Summary
This article talks about the discovery of fossils of Anomalocaris, a Cambrian segmented
invertebrate. It primarily concentrates on the shape of their bodies based on
fossil evidence, which would impact the assumptions on the creature. The
article presents the different hypotheses that paleontologists had on the
structure of Anomalocaris. It begins
by introducing paleontologist Charles Walcott’s idea that it was an archaic
form of a jellyfish. However, the discovery of their mouth structures gave
evidence that Anomalocaris was a
predator that fed on hard-shelled trilobite. This was, again, contradicted by
evidence that claimed Anomalocaris
didn’t feed on hard-shelled trilobites due to their mouth shapes. It is then
presented that the Anomalocaris probably
fed on small prey in the mud by sucking them up instead of chomping on them.
Fossils used to determine age of organism
The age of a fossil can determine the age of the organism
and seeing which layer of rock it is found in can identify the fossil’s age.
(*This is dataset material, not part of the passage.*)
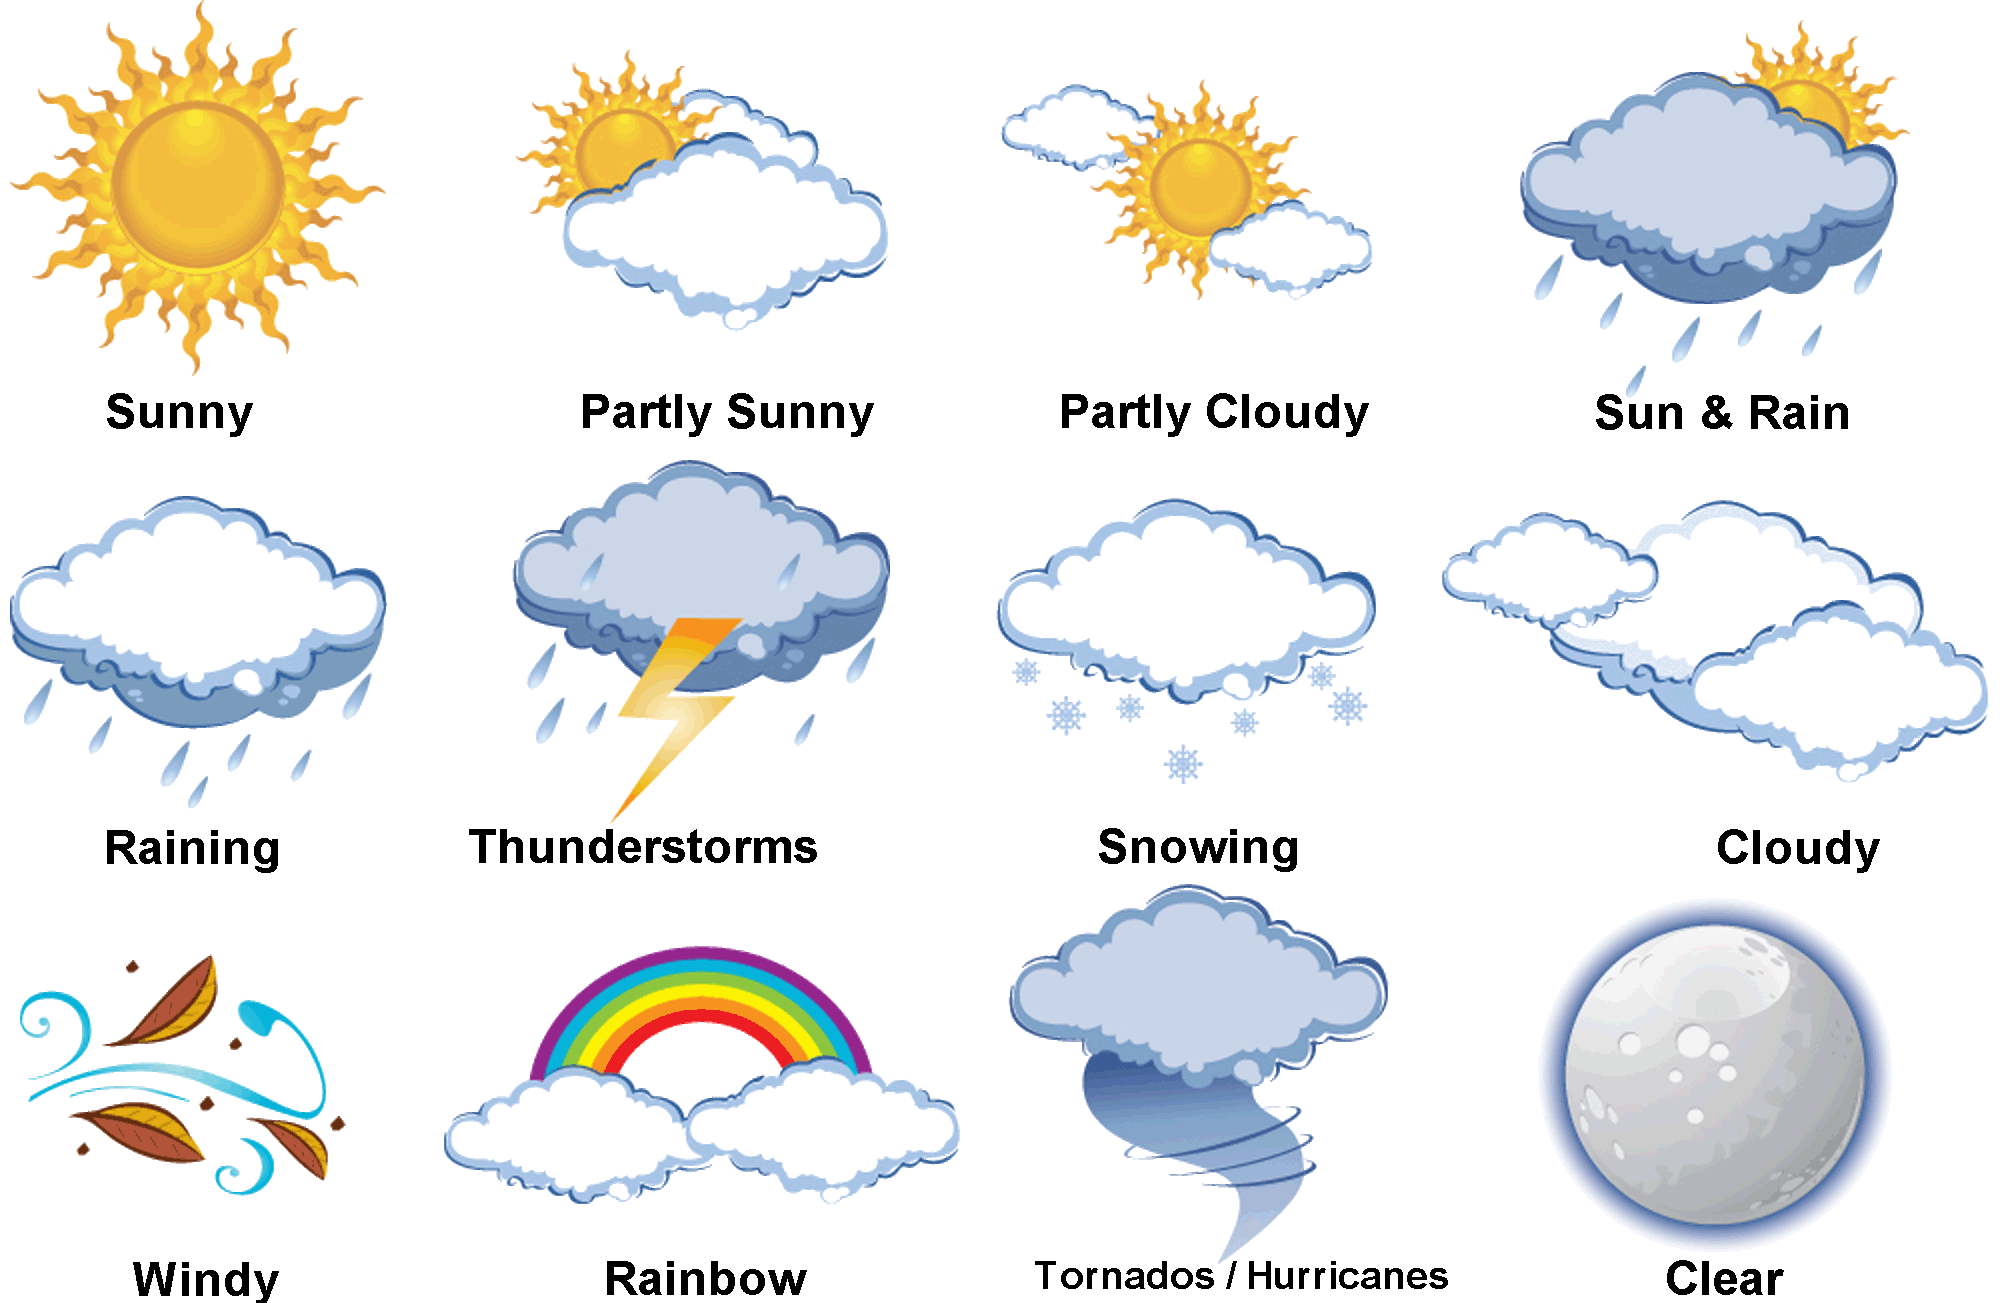 Weather англ. Погодные явления картинки для детей. Погода на английском языке. Gjujlf ZF fzukbqcrjv. Погода картинки на английском для детей.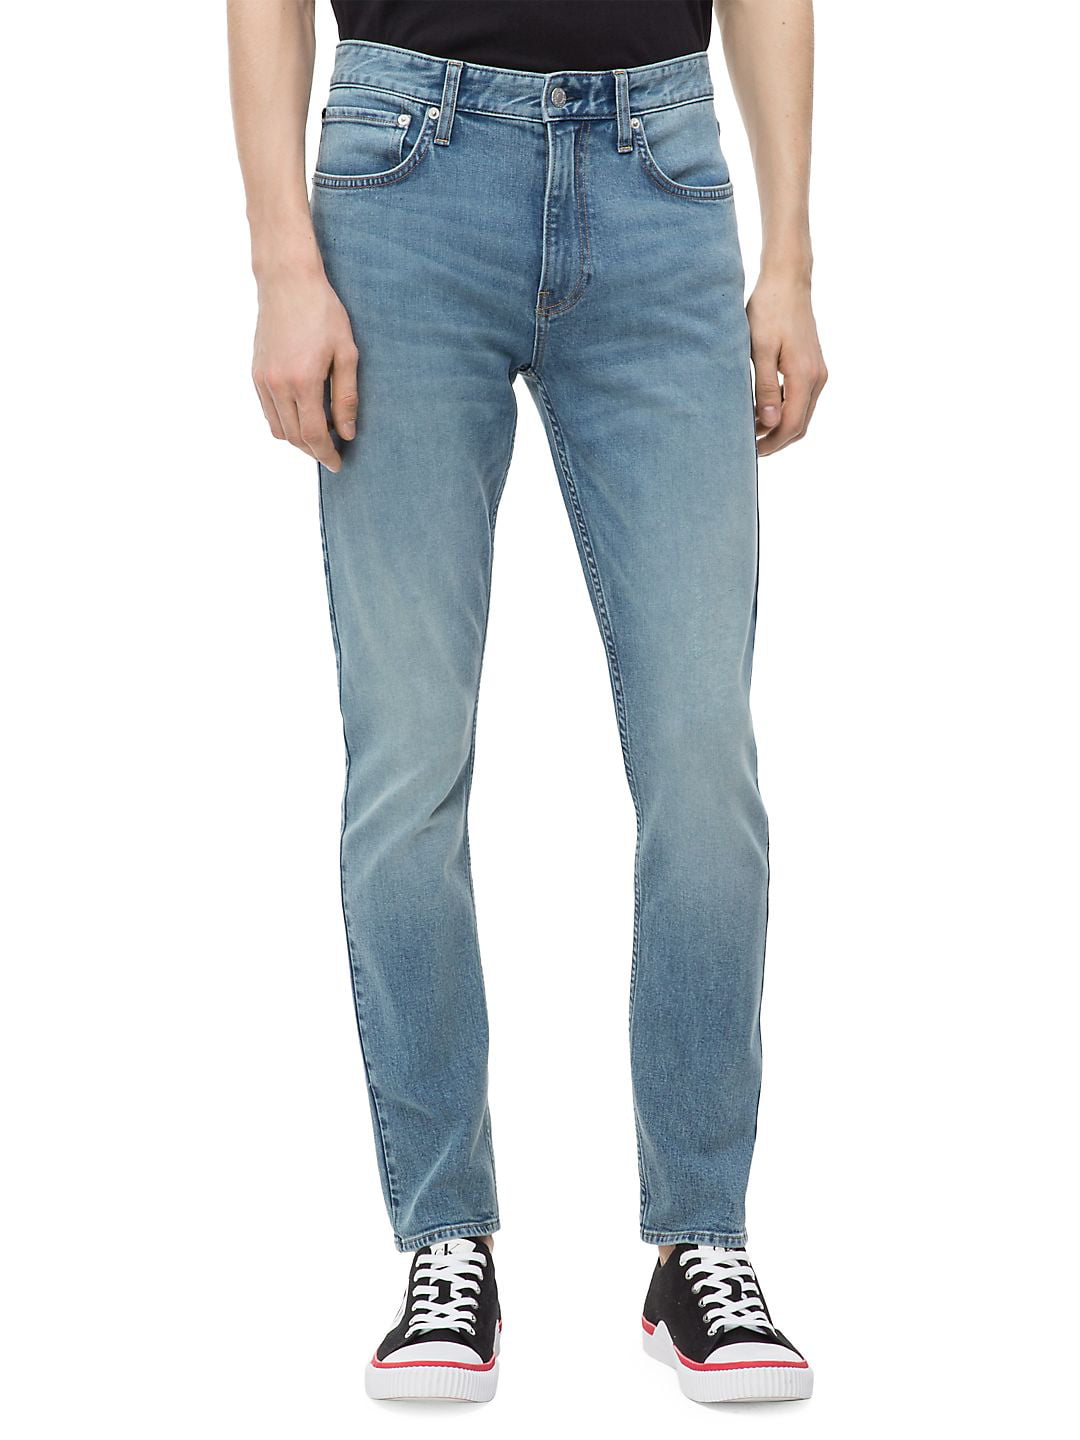 CKJ 035 Straight-Fit Jeans - Walmart.com

The older the fossil, the deeper it would be located in the layers. According
to the article, scientists found out the age of the Anomalocaris fossil by identifying other fossils found nearby in
the same site (Burgess Shale Site.) The article reveals that the fossils were
505 million years old.
Morphology providing evidence for common ancestry
Anomalocaris was
such a strange creature to the point where scientists assumed the parts that
made up the creature were from different creatures and it was only recently
that scientists found out what it looked like. The creature is described to
have stalked eyes, swim flaps, spiked grasping appendages, and plated mouths
making it look alien-like. When scientists assumed it was an archaic jellyfish,
this was primarily due to a flattened ring that was identified on the fossil,
which were the squishy discs on the mouth of the Anomalocaris. This misconception, however, was replaced with the
discovery of its different body parts that made it become categorized with
arthropods in the fossils. This is due to Anomalocaris’s
segmented body that its swim flaps extend out from. This means that current
arthropods such as shrimps have a high chance that they evolved from Anomalocaris.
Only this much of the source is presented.